Information provided:
%%

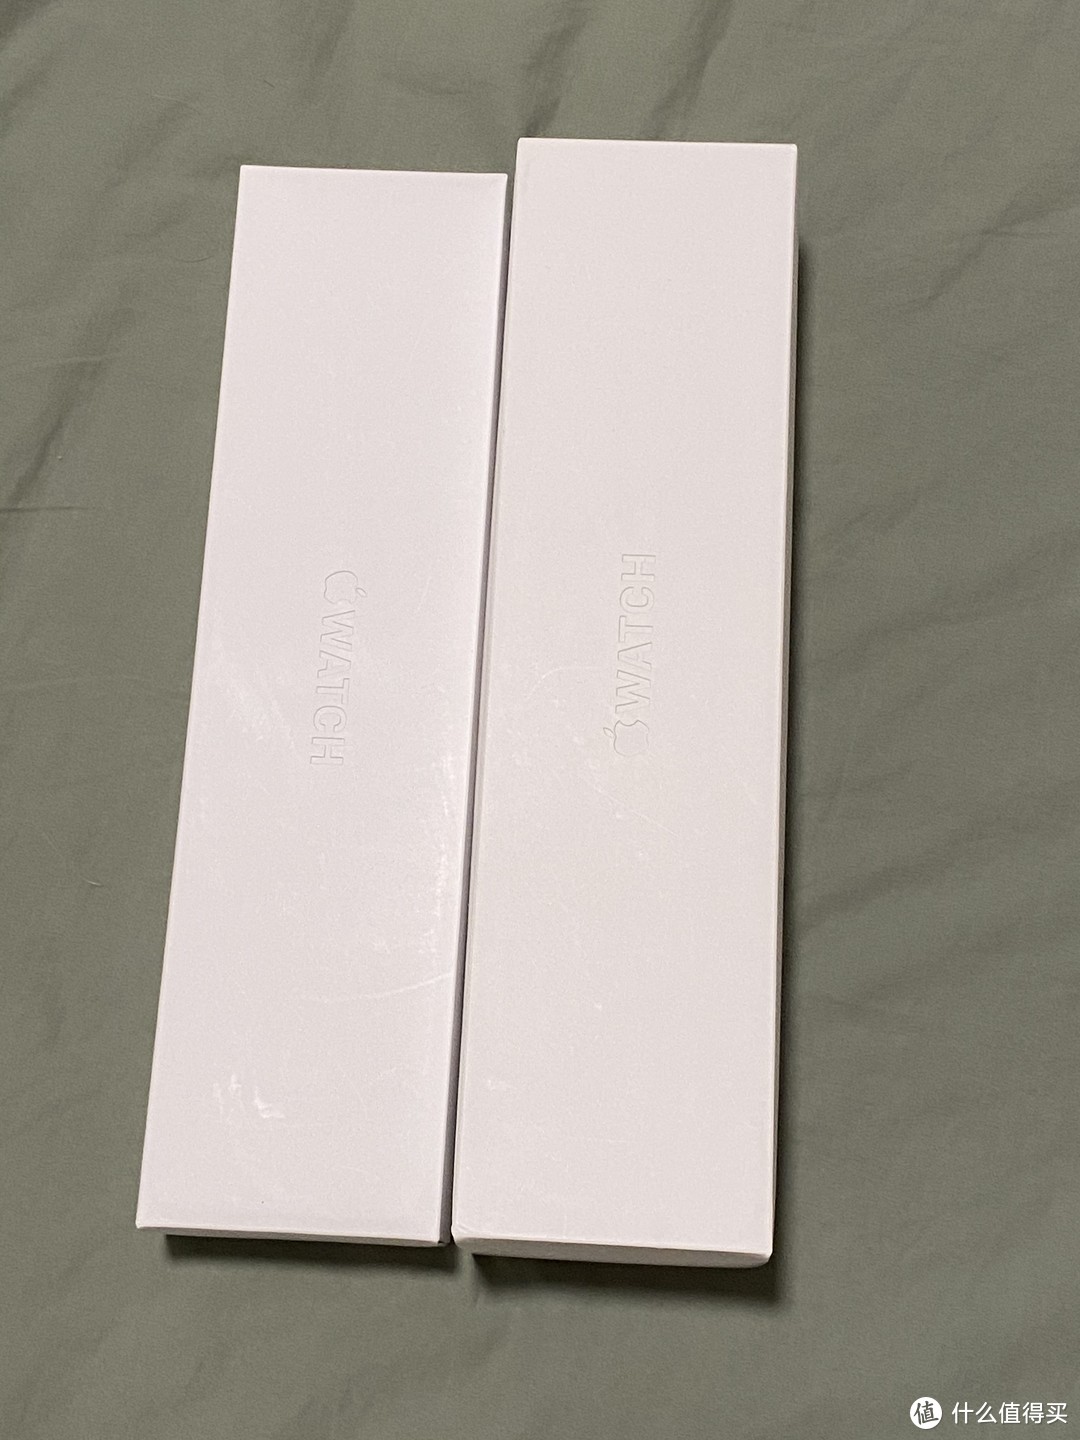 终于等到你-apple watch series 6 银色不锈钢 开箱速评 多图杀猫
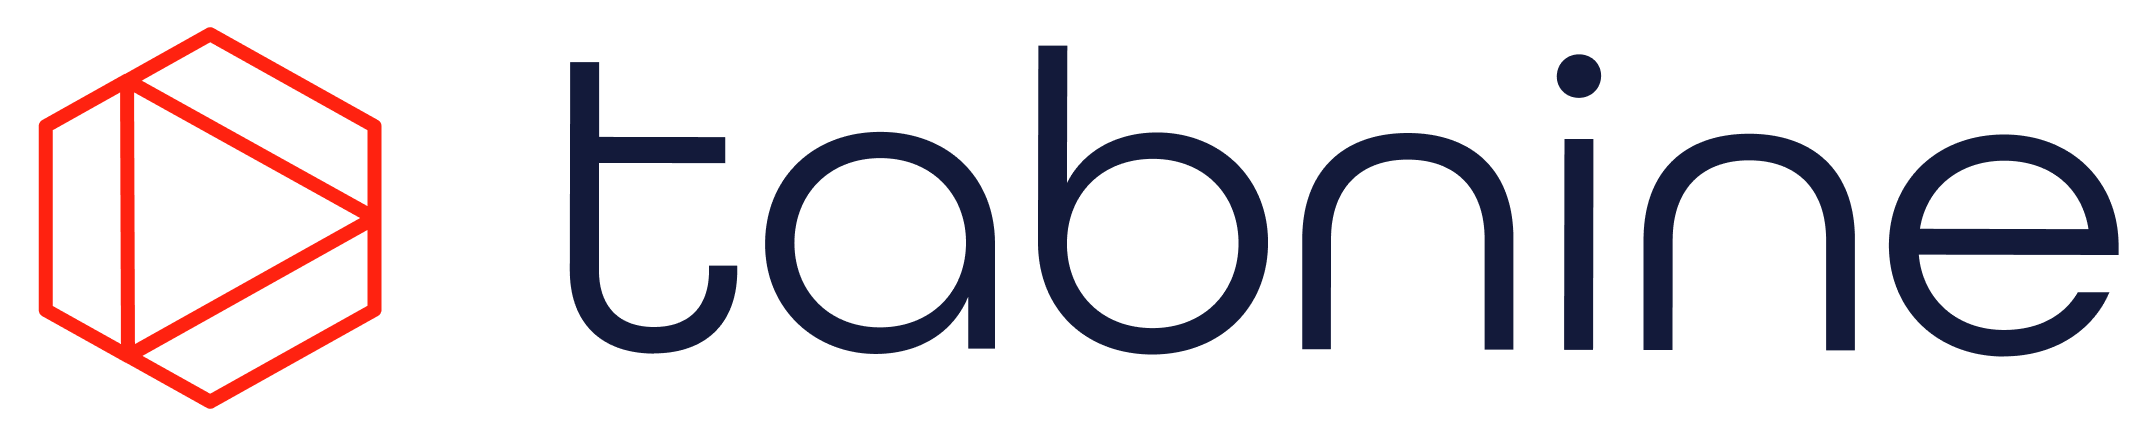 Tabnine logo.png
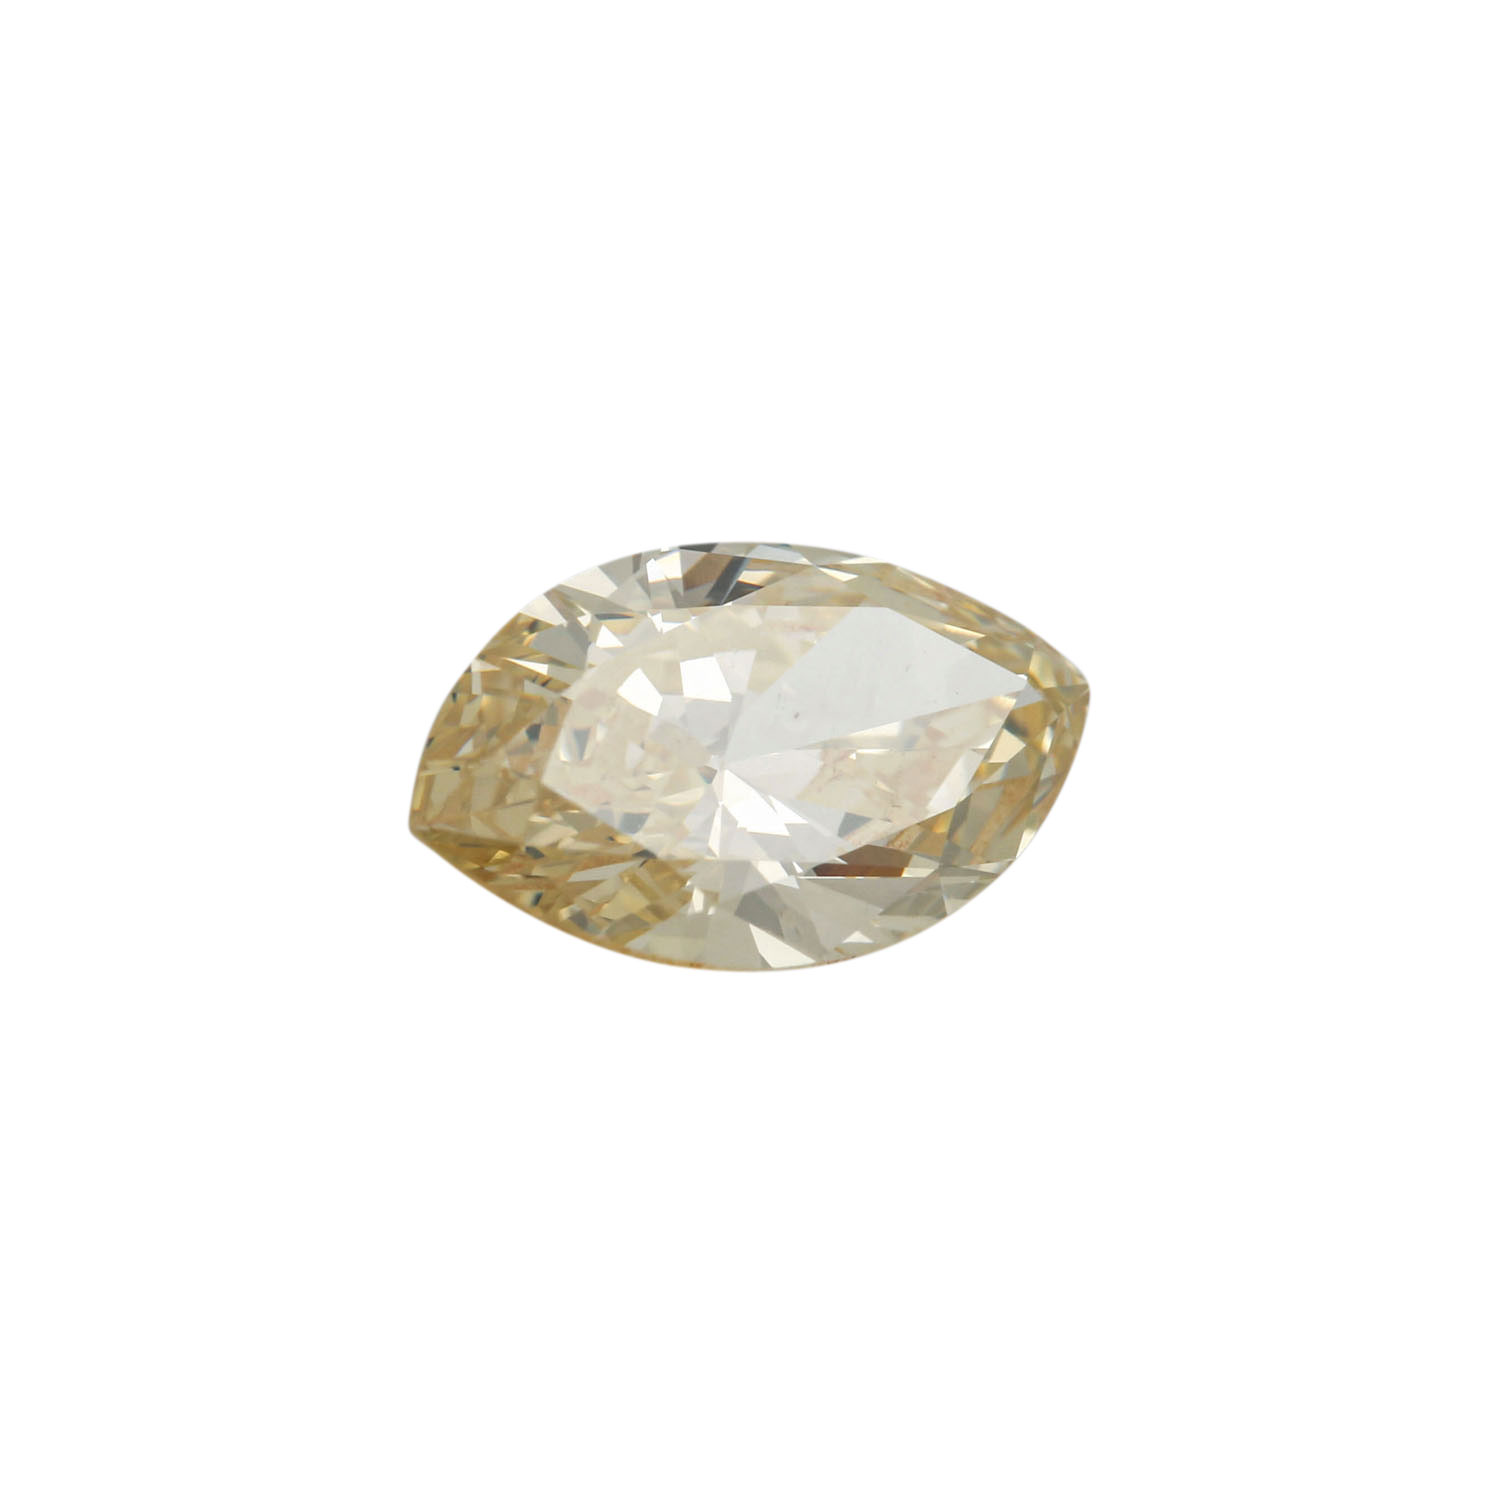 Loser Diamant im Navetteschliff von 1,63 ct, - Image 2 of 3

%%

Task prompt: Copy out each line of the data exactly as it reads; skip the pictures.

Result below:
 终于等到你-apple watch series 6 银色不锈钢 开箱速评 多图杀猫
 Tabnine logo.png
 Loser Diamant im Navetteschliff von 1,63 ct, - Image 2 of 3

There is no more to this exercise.